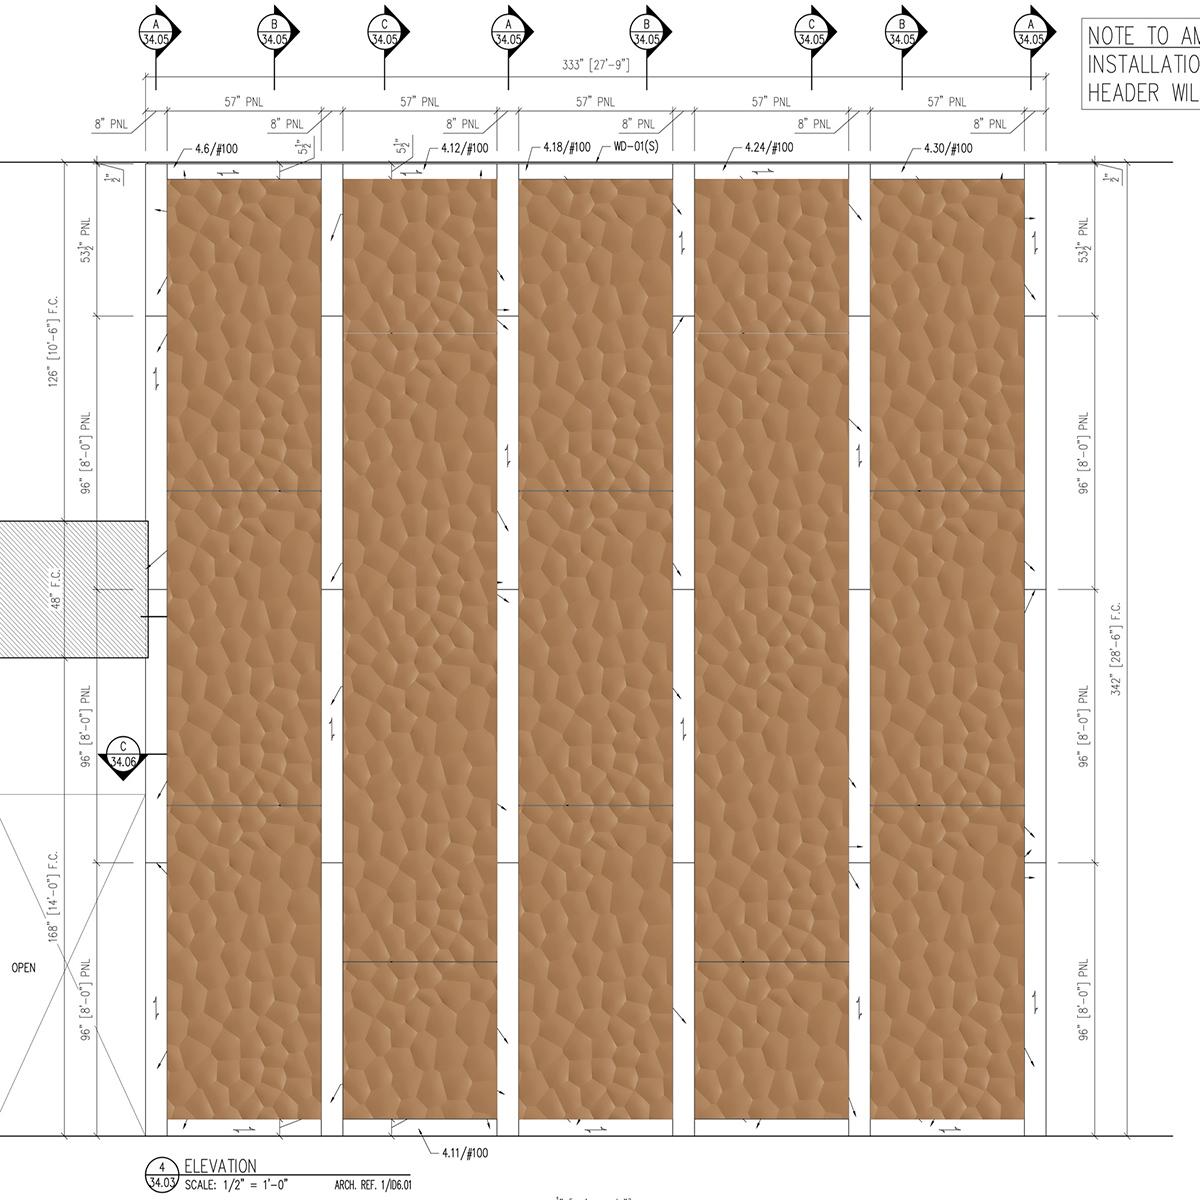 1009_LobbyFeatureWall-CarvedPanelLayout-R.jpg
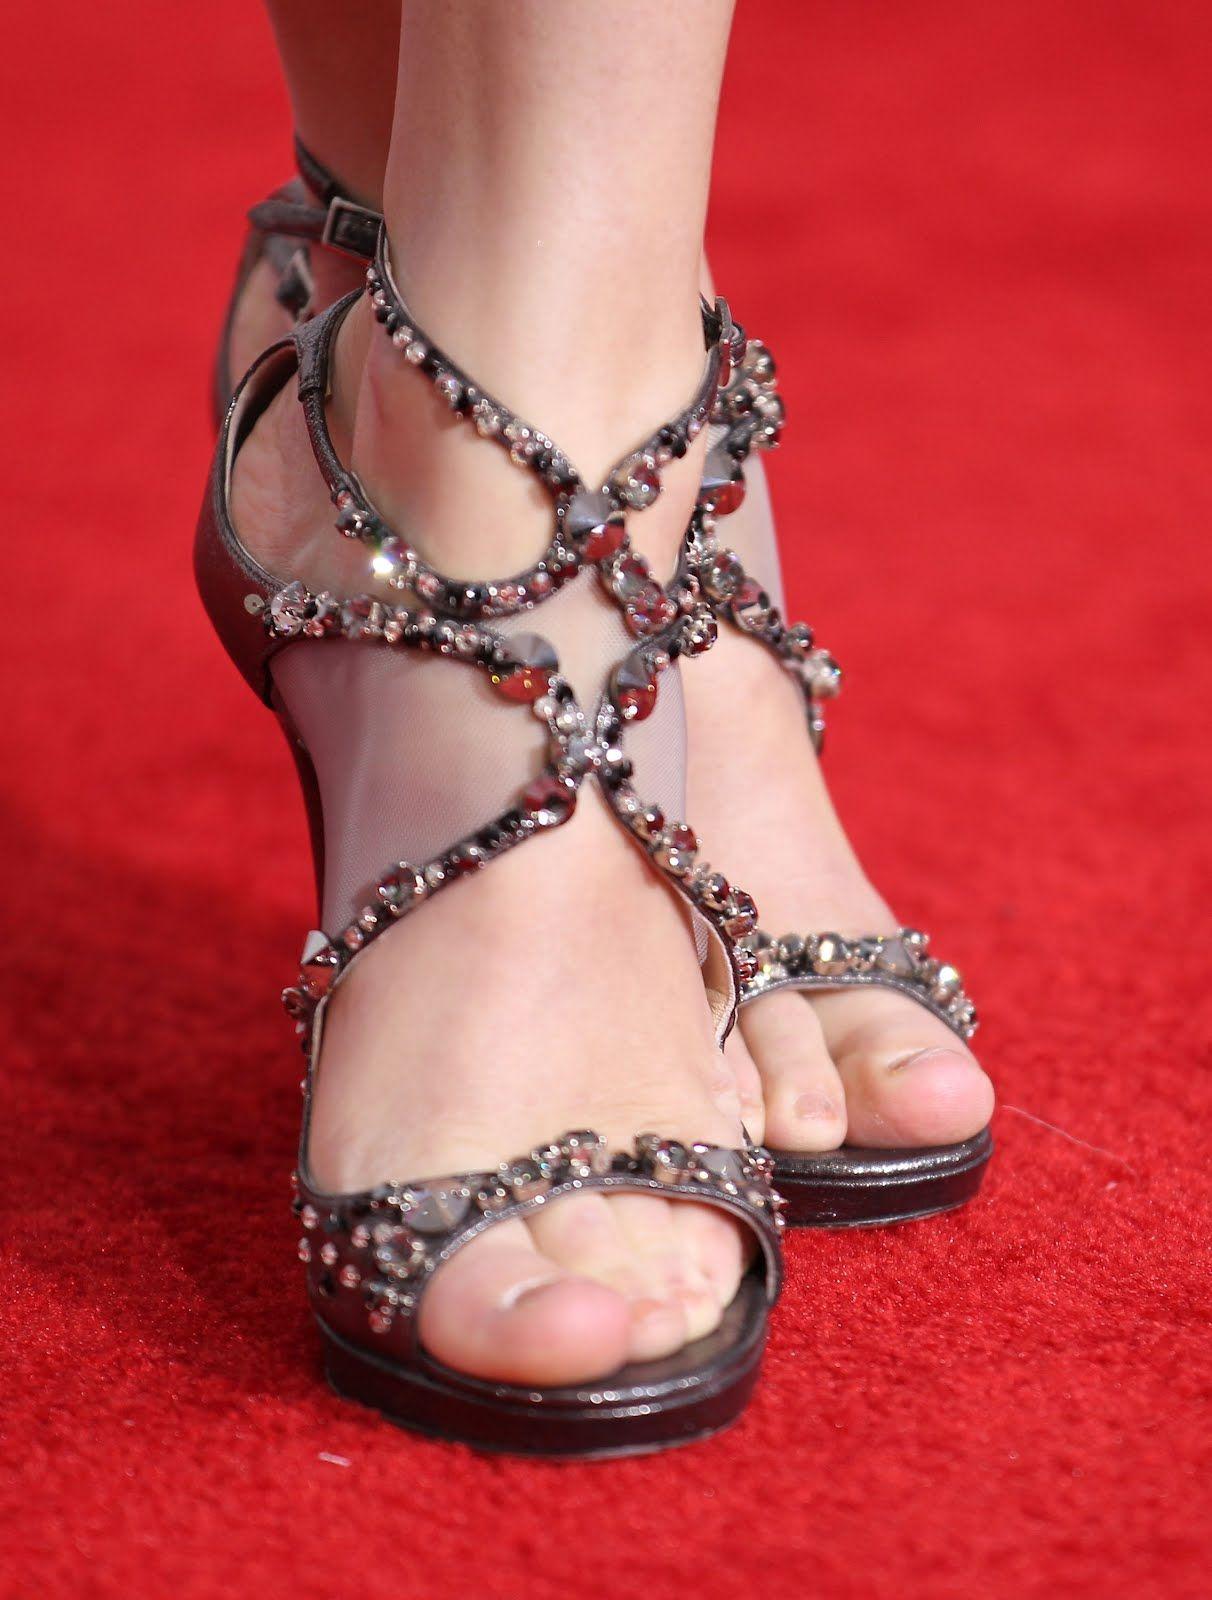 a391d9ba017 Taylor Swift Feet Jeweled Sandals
# # # # #
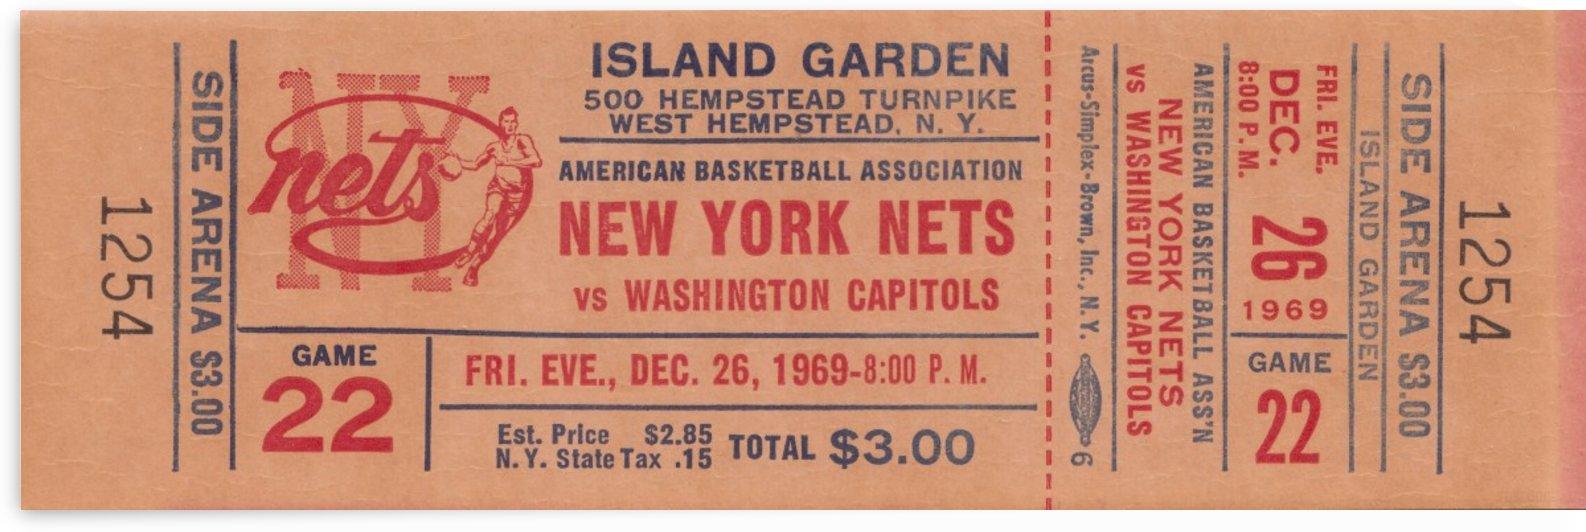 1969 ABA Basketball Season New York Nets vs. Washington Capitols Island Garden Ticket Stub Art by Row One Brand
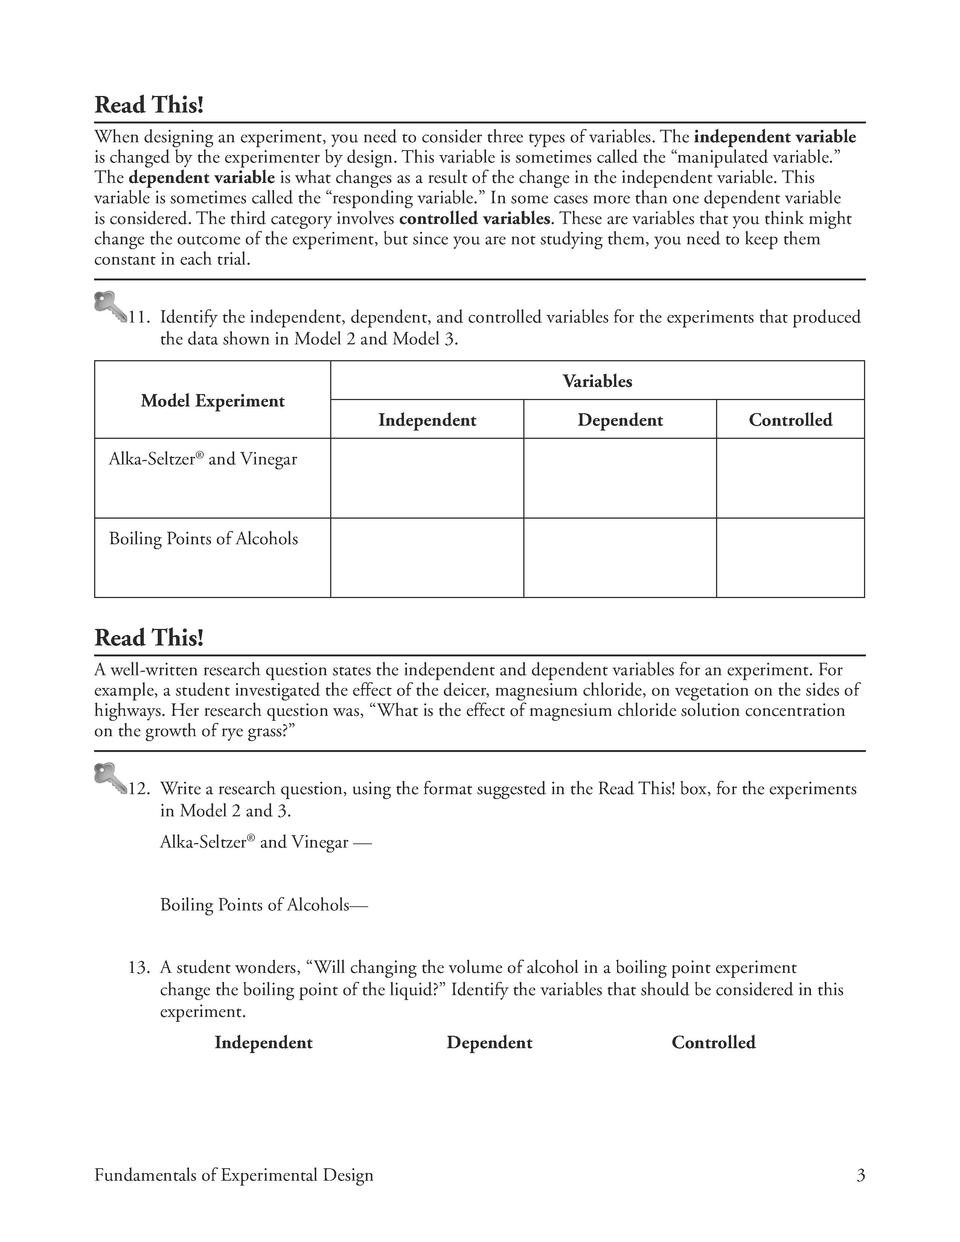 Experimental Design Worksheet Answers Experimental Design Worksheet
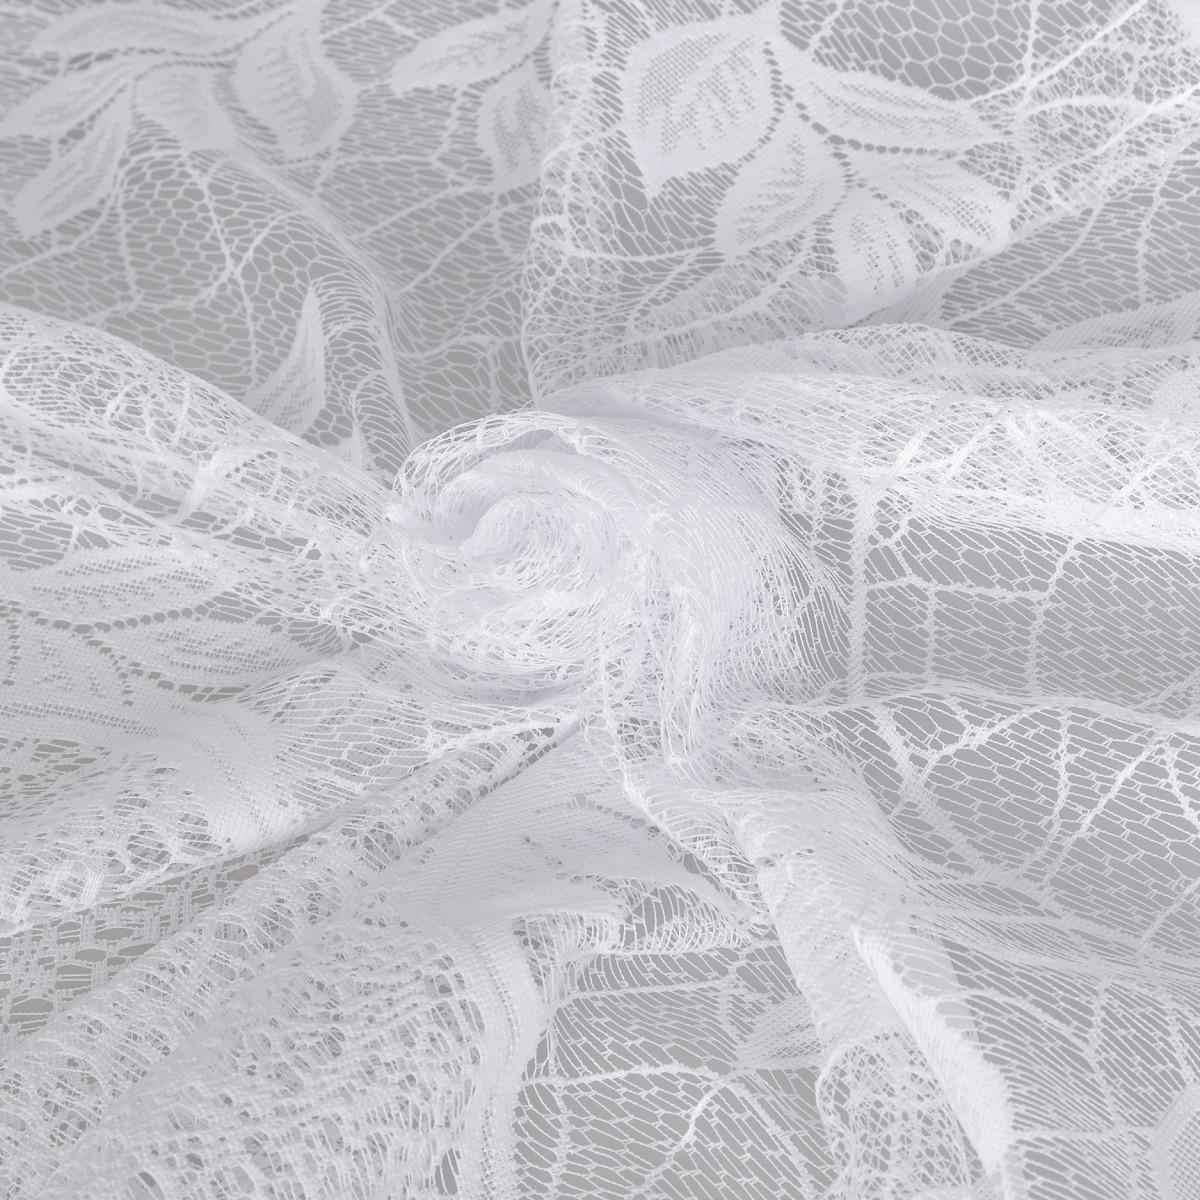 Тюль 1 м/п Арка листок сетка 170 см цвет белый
# # # # #
■ EXERCISE REQUIREMENTS
Your task is to copy only the lines above starting at the one containing "Experimental Design Worksheet Answers" and ending at the one containing "Тюль 1 м/п Арка". Copy them exactly, both ends included, and omit the pictures.

■ RESPONSE TO THE TASK
 Experimental Design Worksheet Answers Experimental Design Worksheet
 Тюль 1 м/п Арка листок сетка 170 см цвет белый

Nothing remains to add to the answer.